B) **LLM Search & Reasoning:** (Best for knowledge-intensive tasks, nuanced text understanding, creative generation; adaptable but can be less precise)
- Ideal for:
- Information retrieval from the web when the answer isn't a simple fact but requires synthesizing information from multiple sources (e.g., "What are the current trends in AI research?")
- Complex text analysis (e.g., sentiment analysis, summarization, topic extraction)
- Creative content generation (e.g., writing blog posts, generating marketing copy)

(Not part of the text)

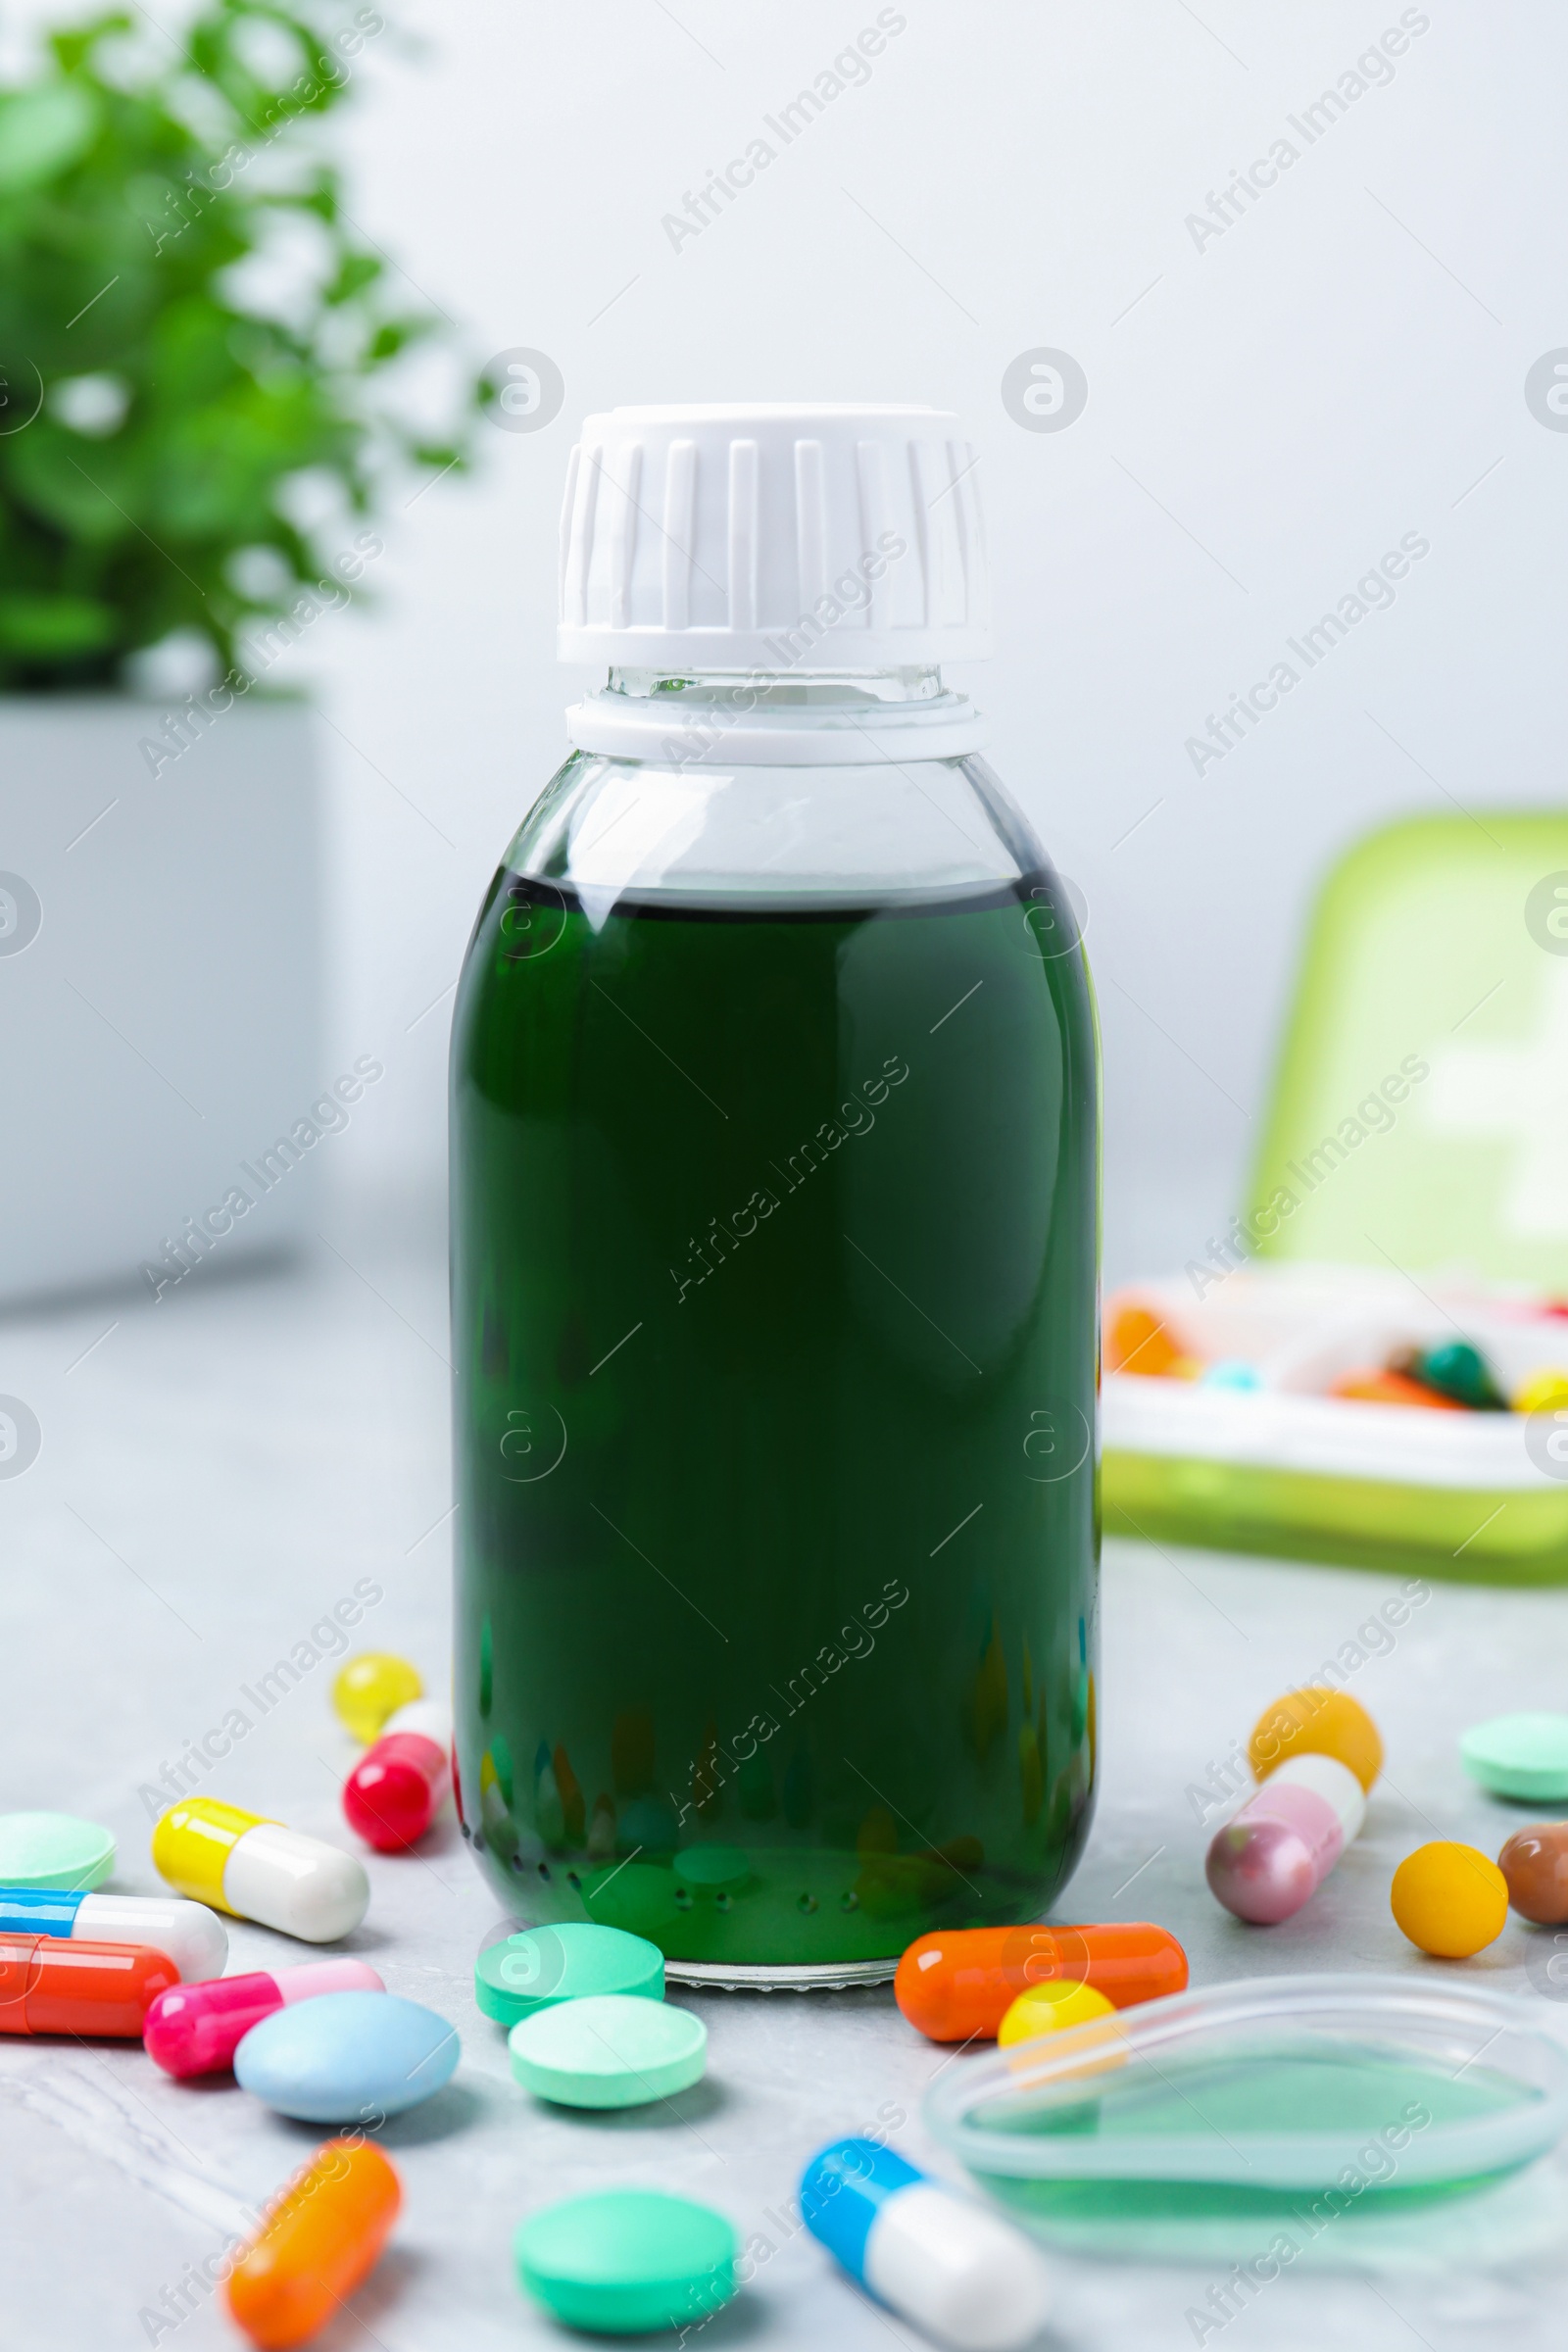 Photo of Bottle of syrup, dosing spoon and pills on white table. Cold medicine
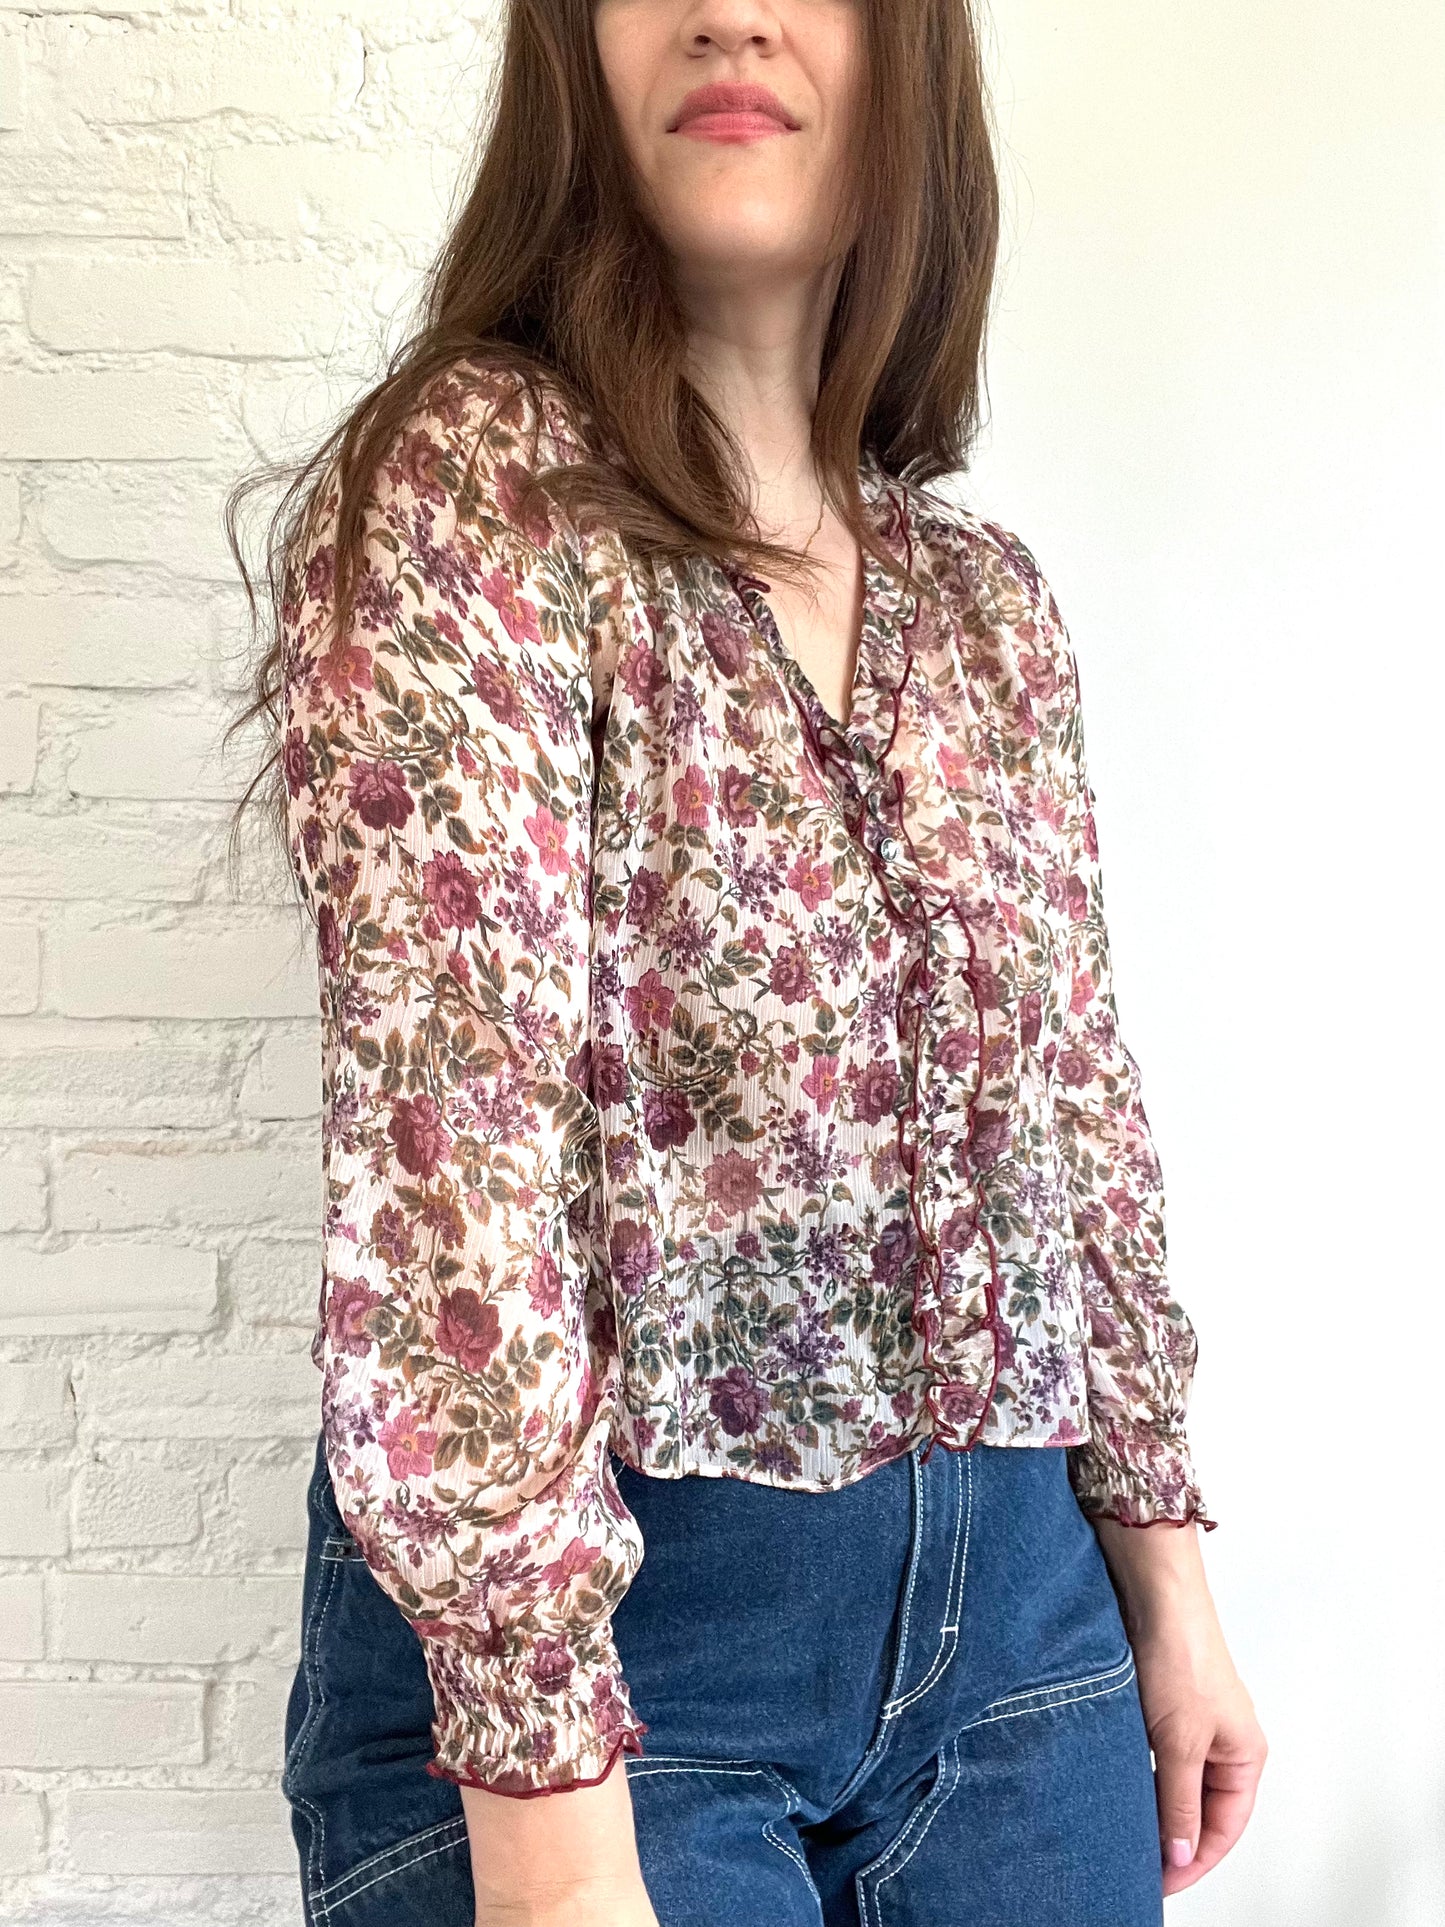 Sheer Floral Blouse - XS (oversized)

- Answering questions requiring reasoning and inference (e.g., "What are the potential implications of this new technology?")
- Examples: Researching a topic, summarizing a document, translating text, writing a creative story.
- NOT Suitable: Tasks requiring precise calculations, structured data manipulation, or reliable interaction with specific applications.
C) **Computer Use Agent:** (Best for interactive tasks involving websites, applications with visual interfaces, or when direct manipulation is needed; can be slow & less reliable)
- Ideal for:
- Interacting with websites (e.g., filling out forms, clicking buttons, scraping data that requires dynamic interaction)
- Automating tasks within desktop applications
- Tasks requiring continuous visual feedback or responding to changes in a UI
- Situations where the information source is only accessible through interactive steps.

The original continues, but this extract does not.